China Hacked Treasury Dept. in ‘Major’ Breach, U.S. Says

The Biden administration said Monday that China’s intelligence agency hacked the U.S. Treasury Department, gaining access to government employees’ workstations and unclassified documents. This is the latest in a series of disgraceful surveillance operations against major American institutions.

It is unclear from the Treasury Department’s limited initial report on the episode what exactly the hackers were looking for. But senior officials with access to intelligence about the hack said it appeared to be entirely a spy operation and not part of other Chinese efforts to inject malicious computer code into utility networks and water systems that would give them the ability to shut down critical important American systems. infrastructure.

In a letter briefing lawmakers on the episode, the Treasury Department said it was notified by third-party software company BeyondTrust on Dec. 8 that a hacker had obtained a security key that allowed him to gain remote access to certain treasury institutions. workstations and documents on them.

“Based on available information, the incident was attributed to the activities of a state-sponsored Advanced Persistent Threat (APT) group,” the letter said. “Under Treasury policy, APT-related intrusions are considered a serious cybersecurity incident.”

Top Chinese officials have a deep interest in the Treasury Department, which oversees sensitive data on global financial systems as well as assessments of China’s own troubled economy. The department also imposes sanctions on Chinese firms, including, most recently, those that are helping Russia in its war against Ukraine.

Earlier this year, Chinese intelligence hacked email accounts used by Commerce Secretary Gina Raimondo as she made decisions on new export controls on advanced semiconductors and other key technologies in an attempt to slow their acquisition by Chinese firms. Similar efforts were made against facilities in the State Department.

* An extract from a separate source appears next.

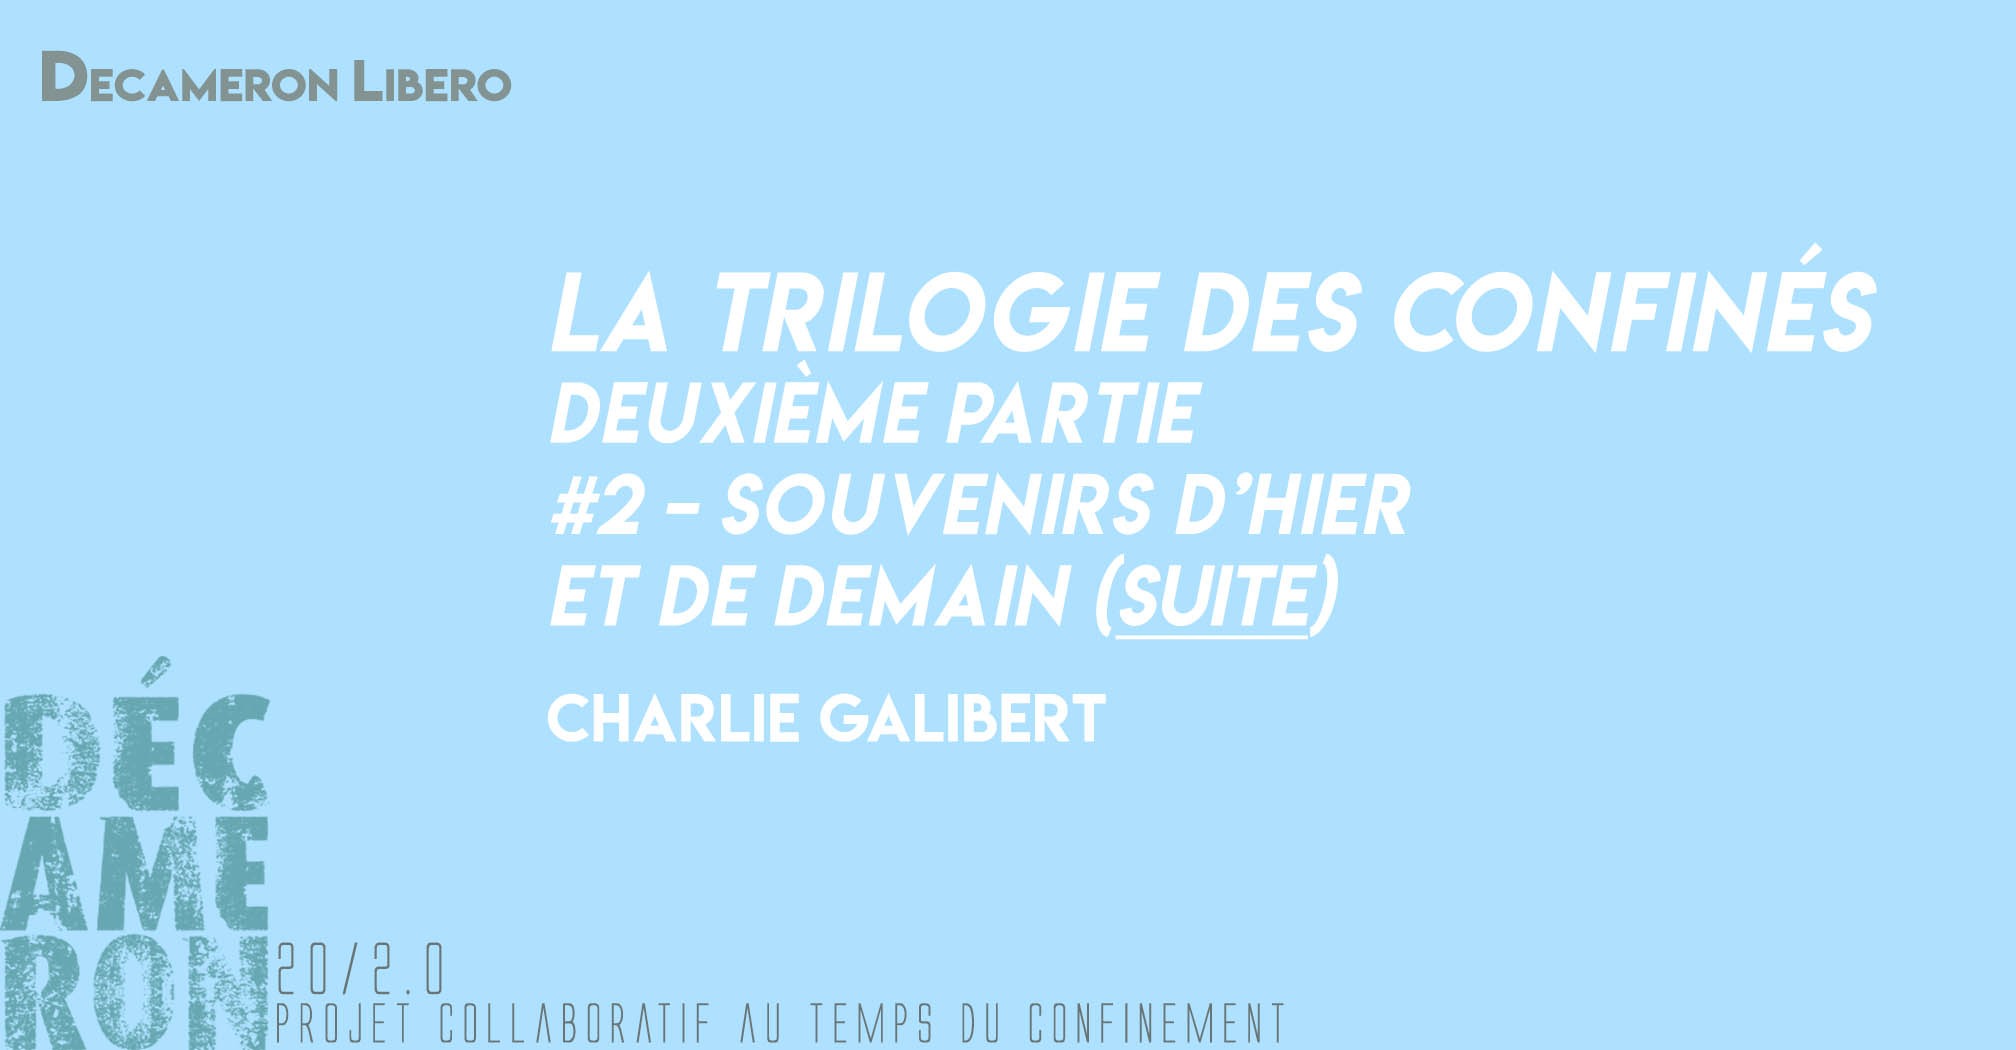 La Trilogie des Confinés [ #2 - Souvenirs d’hier et demain] (suite) - Charlie Galibert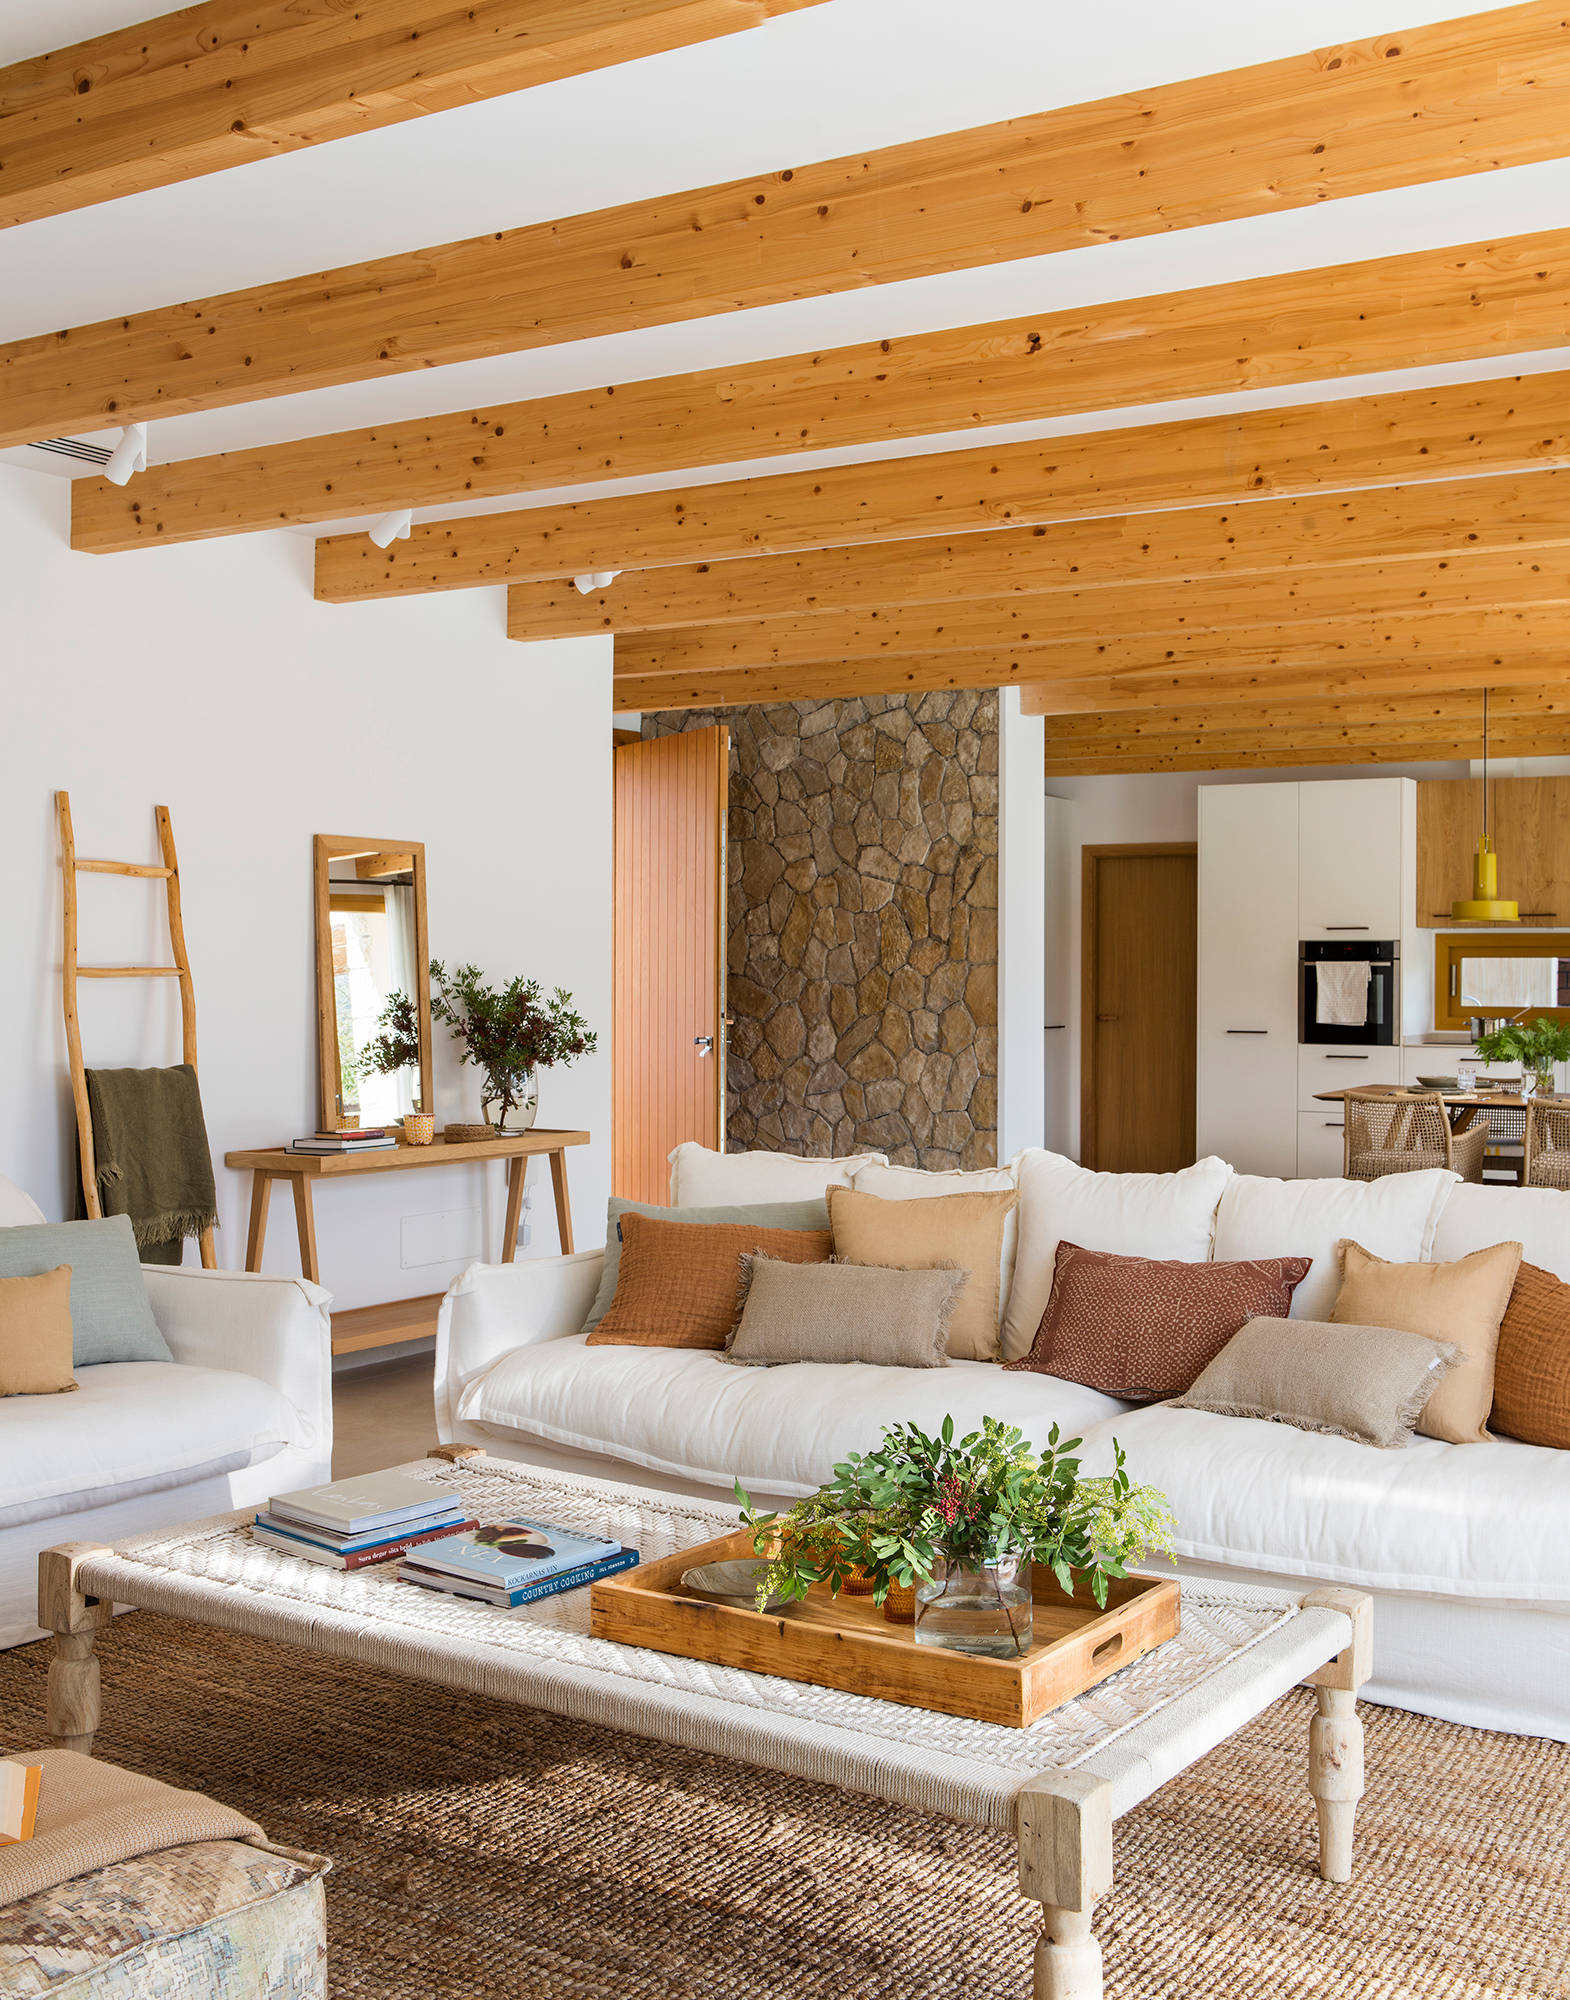 Salón con sofá blanco y vigas madera en techo.

But the administration’s admission to the Treasury Department comes at a particularly sensitive moment, as the Biden White House faces one of the most far-reaching and damaging hacks of American infrastructure in the cybersecurity era.

In recent months, a series Revelations have revealed how a sophisticated Chinese intelligence group called “Salt Typhoon” penetrated deeply into at least nine US telecommunications companies.

The hack exploited critical holes in the US telecommunications infrastructure, giving hackers access not only to text messages, but also to telephone conversations. Investigators said the targets included commercial, unencrypted phone lines used by President-elect Donald Trump, Vice President-elect J.D. Vance and senior national security officials, although it is unclear what, if any, conversations the hackers were able to obtain. track.

The Salt Typhoon hackers also obtained a nearly complete list of phone numbers that the Justice Department had been tapping to spy on people suspected of crimes or espionage, giving the Chinese government insight into which Chinese spies the United States had identified and which it had missed. The resulting breach has concerned counterintelligence officials who fear Beijing will know who is under suspicion and who is not.

The Treasury Department said it was working with the FBI, intelligence community and other investigators to determine the impact of the latest hack. The compromised service has been taken offline and there is no evidence that Chinese hackers still have access to Treasury information, the department said.

In a statement, a Treasury spokesman said the department takes threats against its systems and the data they store seriously, and that it will continue to work with the private sector and government agencies to protect the financial system from hacks.

The Treasury Department did not specify when exactly the episode occurred but said it would disclose more details in an upcoming report to Congress.

On Tuesday, Chinese Foreign Ministry spokeswoman Mao Ning called the U.S. accusations “baseless.” Ms Mao added that China opposes all forms of hacking and “we are even more opposed to the spread of false information against China for political purposes.”

Chinese officials have long denied any government involvement in the hacking and have opened dialogue with the United States to work together on cybersecurity. Earlier this month, Treasury officials traveled to China for a round of meetings of its economic and financial working groups, which cover cooperation on cybersecurity issues.

In response to the Salt Typhoon hack, the Commerce Department said this month that it ban several remaining China Telecom operationsone of the largest communications companies in the country, from the USA.

Alan Rappeport And Zixiu Wang provided reporting.